How severe does this issue affect your experience of using Ray?
- Low: It annoys or frustrates me for a moment.
Hey,
I’m considering using RLlib for Multi-Agent driving simulation (with independent or centralized critic PPO). However, I would like to preprocess the individual observations of each agent using a Graph Neural Network, which outputs per-agent observations that include relative information about other agents.
Now, I’m facing the question of where/how to implement this preprocessing network. If it’s implemented as part of a custom model/network (e.g. by overwriting the forward pass as in this example: Models, Preprocessors, and Action Distributions — Ray 2.21.0), then the preprocessing step would happen for each agent’s policy, i.e. multiple times per step. This would be inefficient because the graph nn only needs one forward pass per step to preprocess the observations of all agents.

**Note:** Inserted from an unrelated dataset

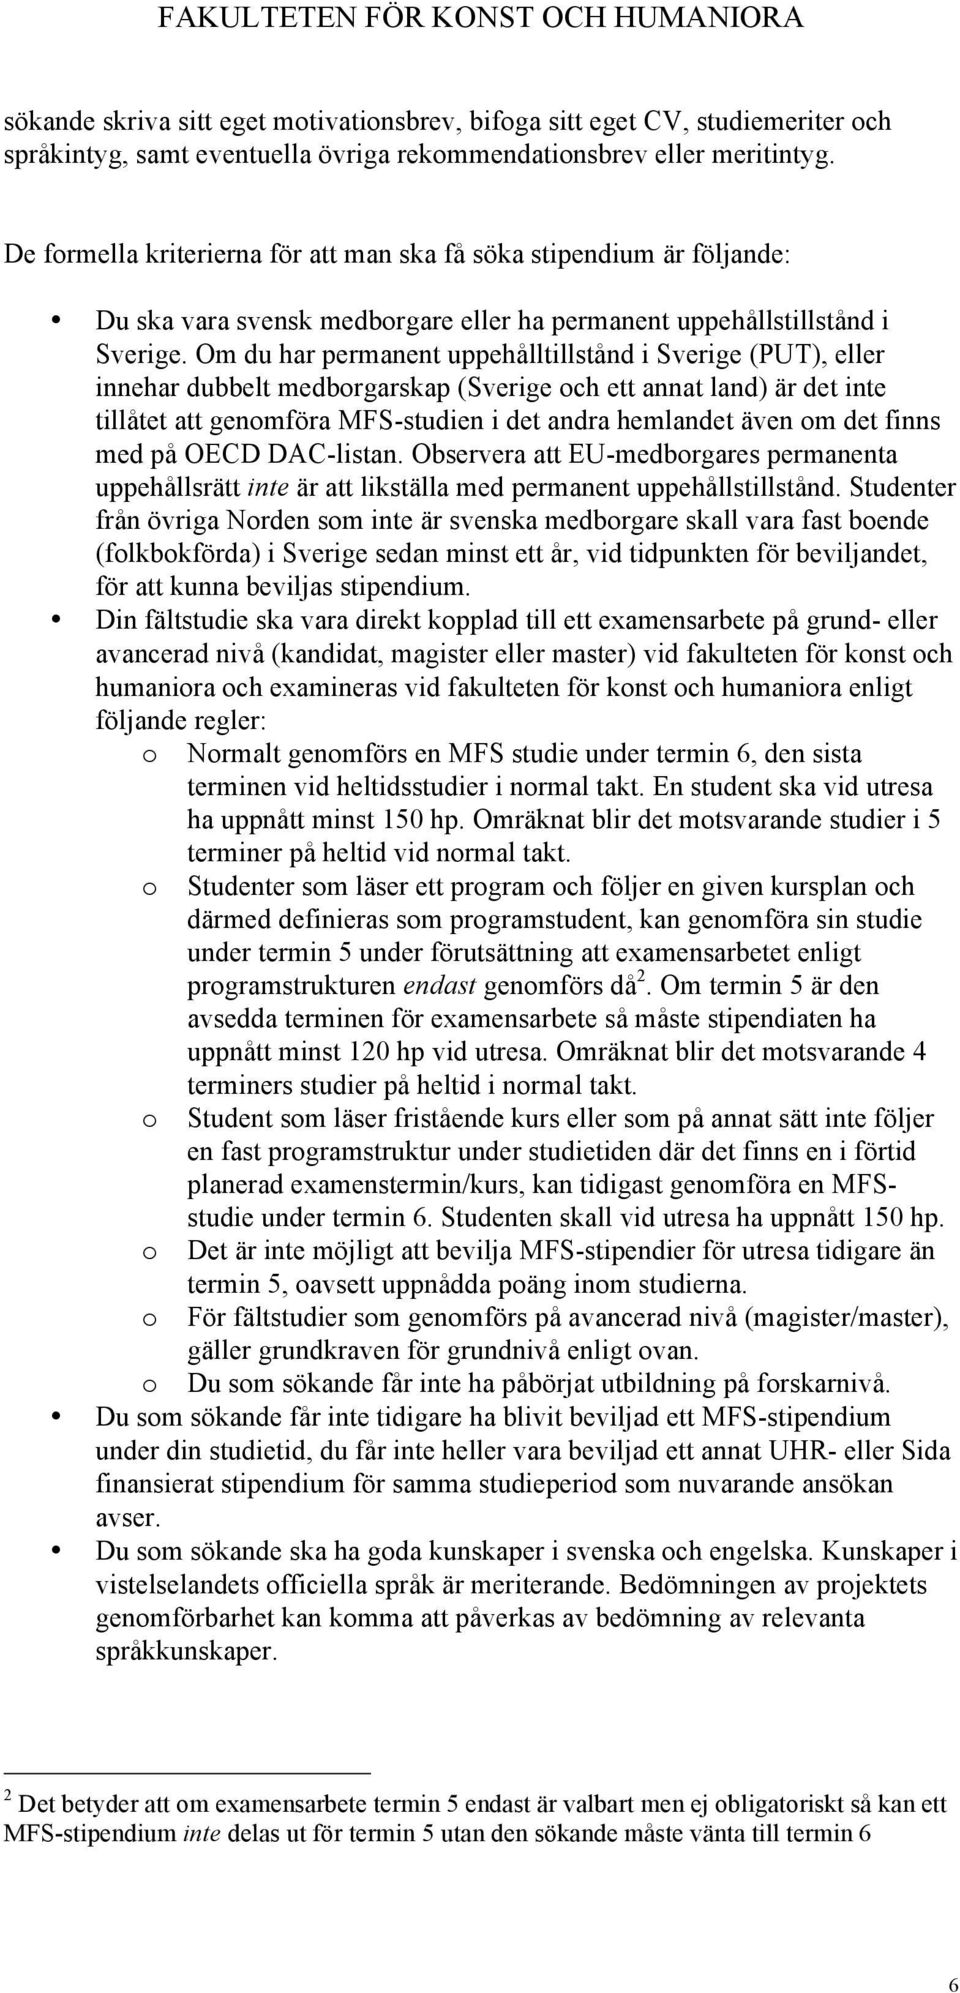 Om du har permanent uppehålltillstånd i Sverige (PUT), eller innehar dubbelt medborgarskap (Sverige och ett annat land) är det inte tillåtet att genomföra MFS-studien i det andra hemlandet även om

The other way would be to use a custom preprocessor, which is deprecated according to the docs and probably doesn’t support neural nets. I saw that AgentConnectors (Connectors (Beta) — Ray 2.21.0) could help with my problem but couldn’t find any examples using neural nets for the observation transformation. Also, the question would be, if the preprocessing network could be updated/backpropagated during training with a solution like this.
Is there any other way I could do this with RLlib?
Thanks for any ideas in advance!